=== Begin Enclosure ===

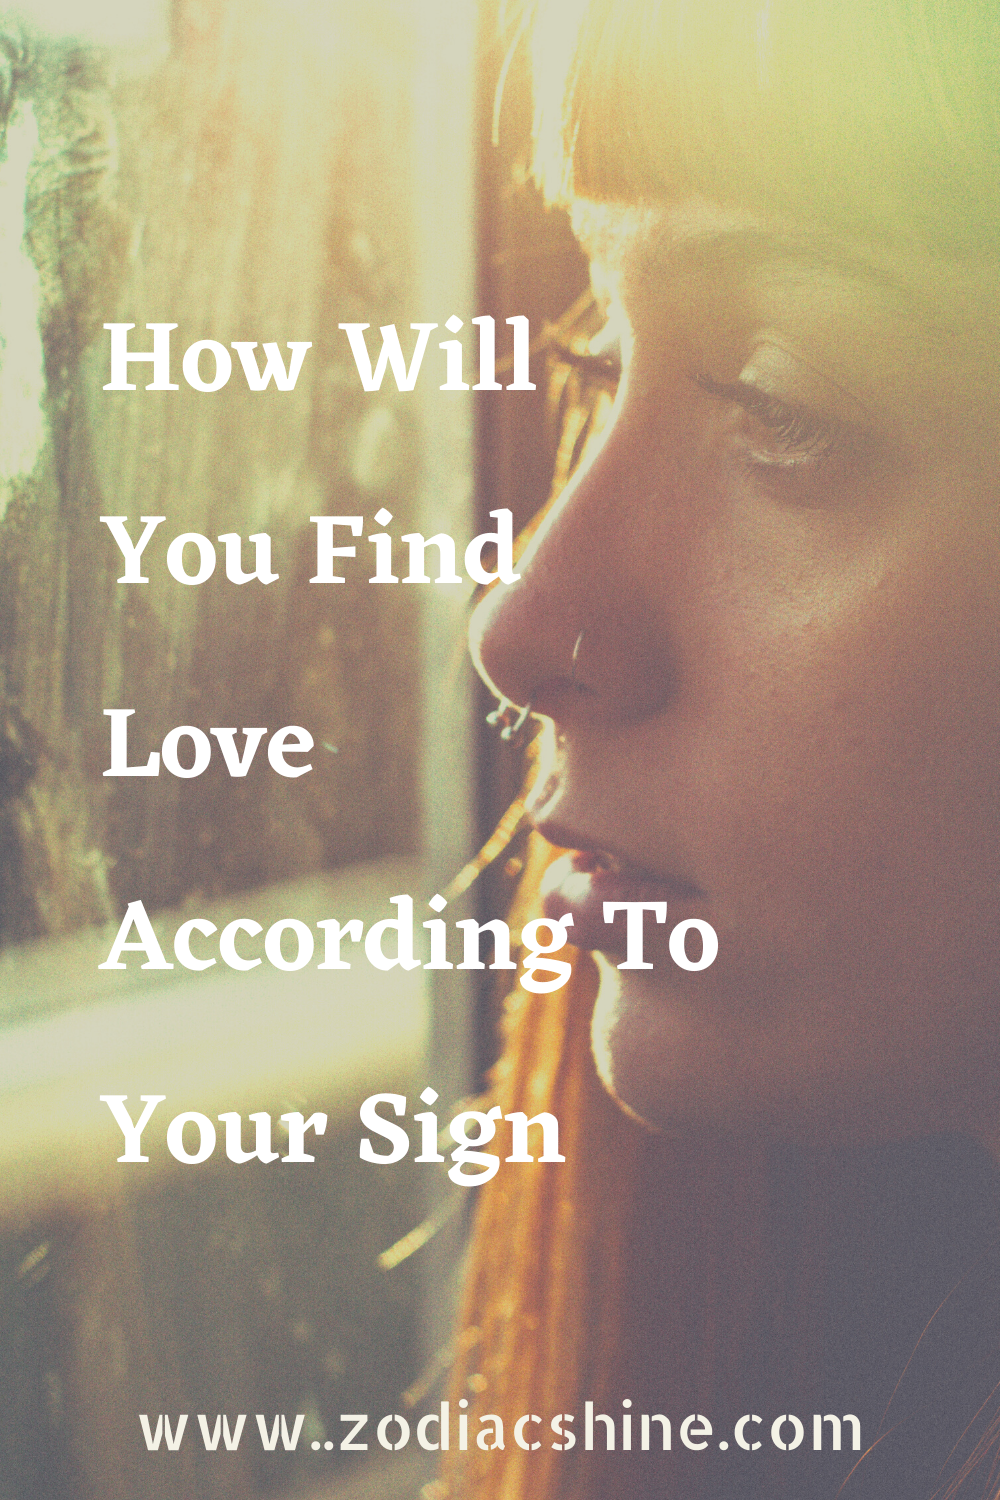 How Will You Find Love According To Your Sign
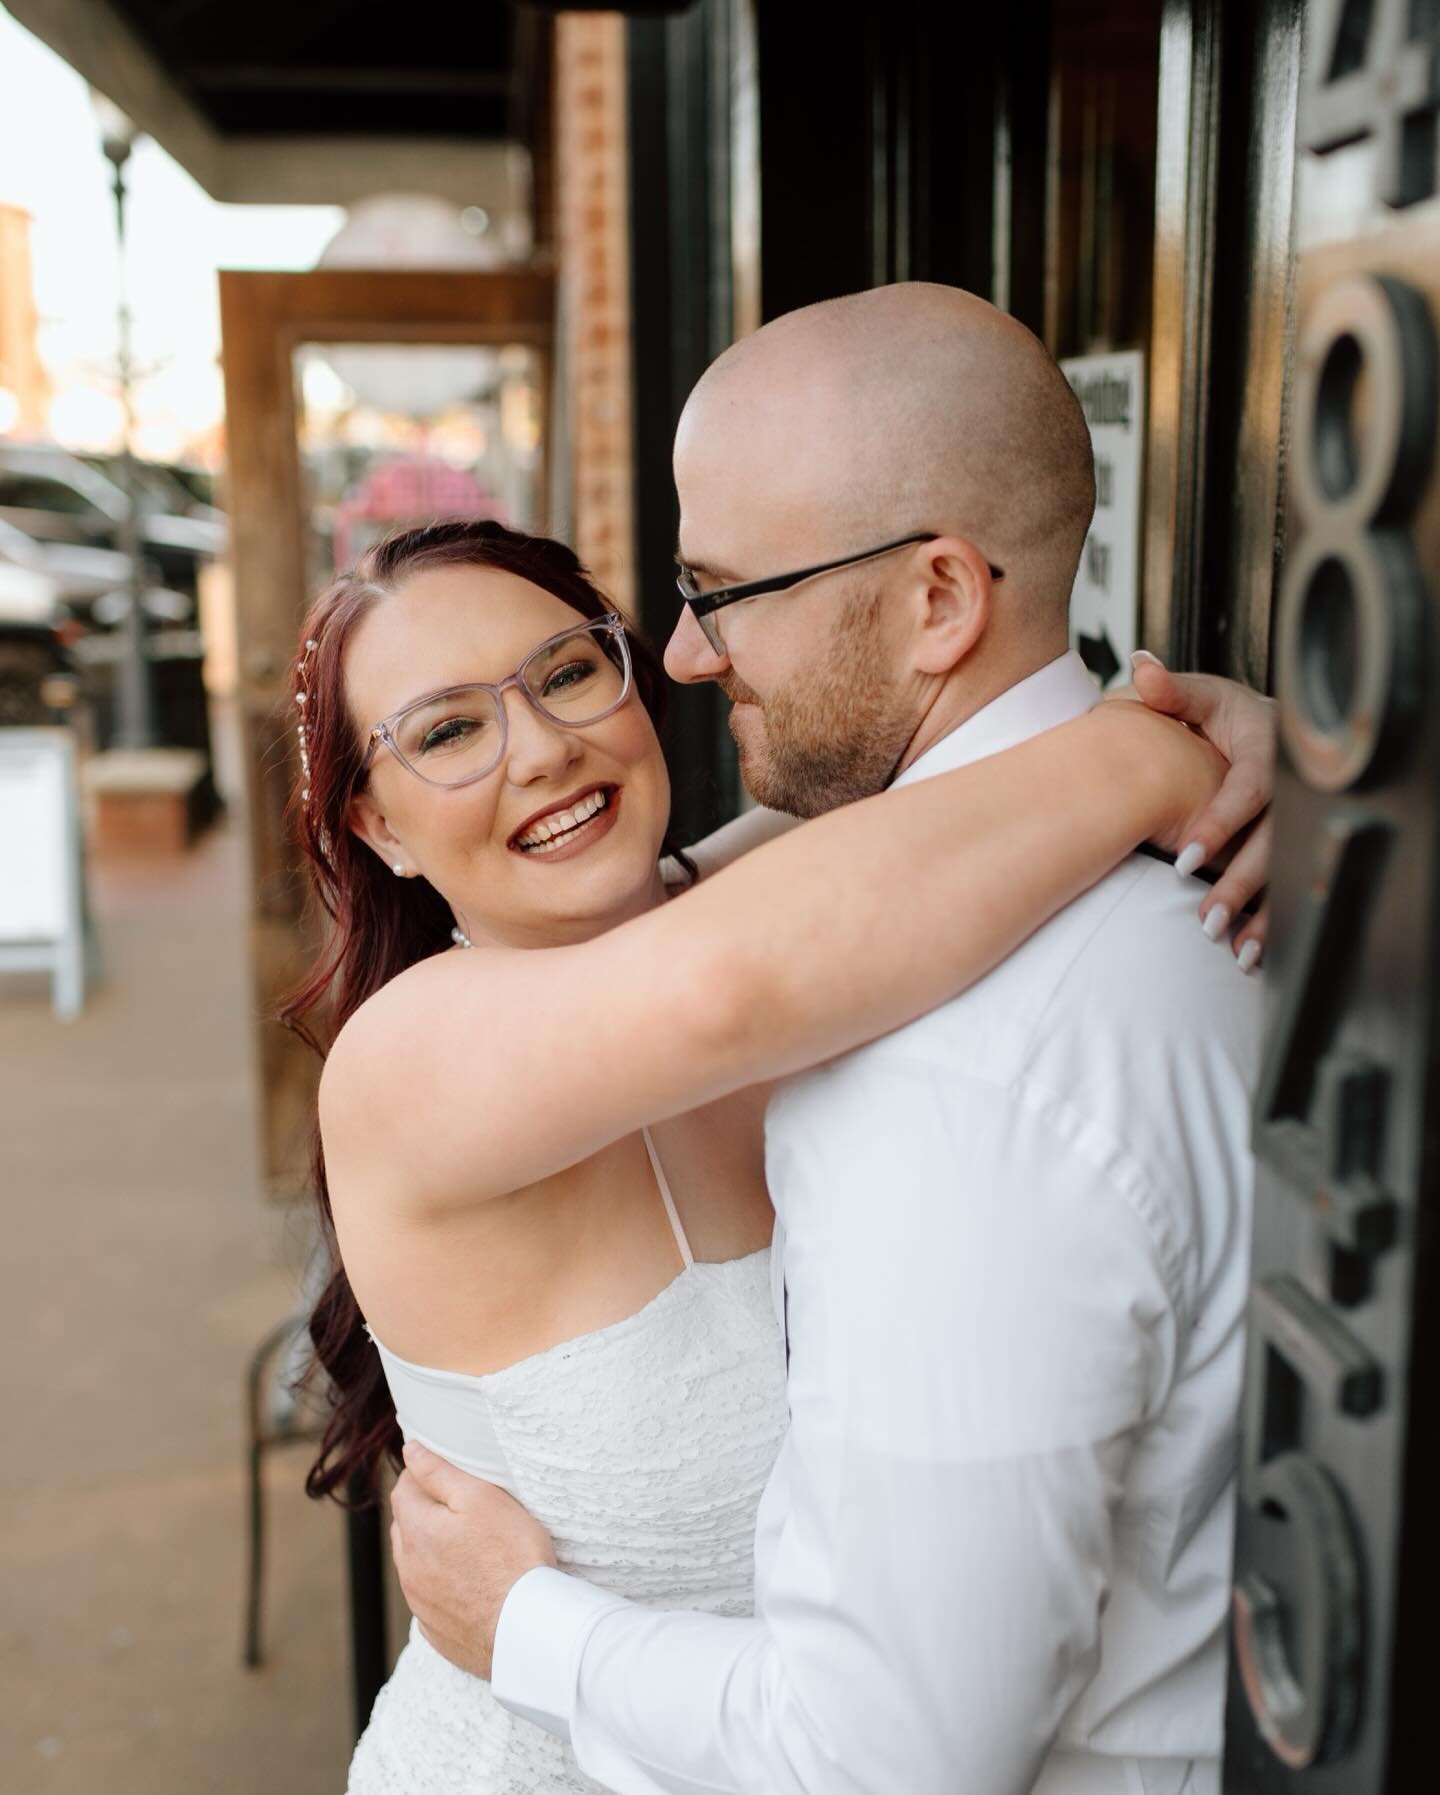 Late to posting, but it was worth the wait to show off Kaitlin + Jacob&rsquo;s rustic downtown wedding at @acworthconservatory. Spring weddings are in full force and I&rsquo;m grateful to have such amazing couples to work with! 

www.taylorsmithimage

=== End Enclosure ===

[Task details] Copy the listing above in full and exactly, but omit each picture that it holds.

[Expected answer]
 How Will You Find Love According To Your Sign
 Late to posting, but it was worth the wait to show off Kaitlin + Jacob&rsquo;s rustic downtown wedding at @acworthconservatory. Spring weddings are in full force and I&rsquo;m grateful to have such amazing couples to work with! 

www.taylorsmithimage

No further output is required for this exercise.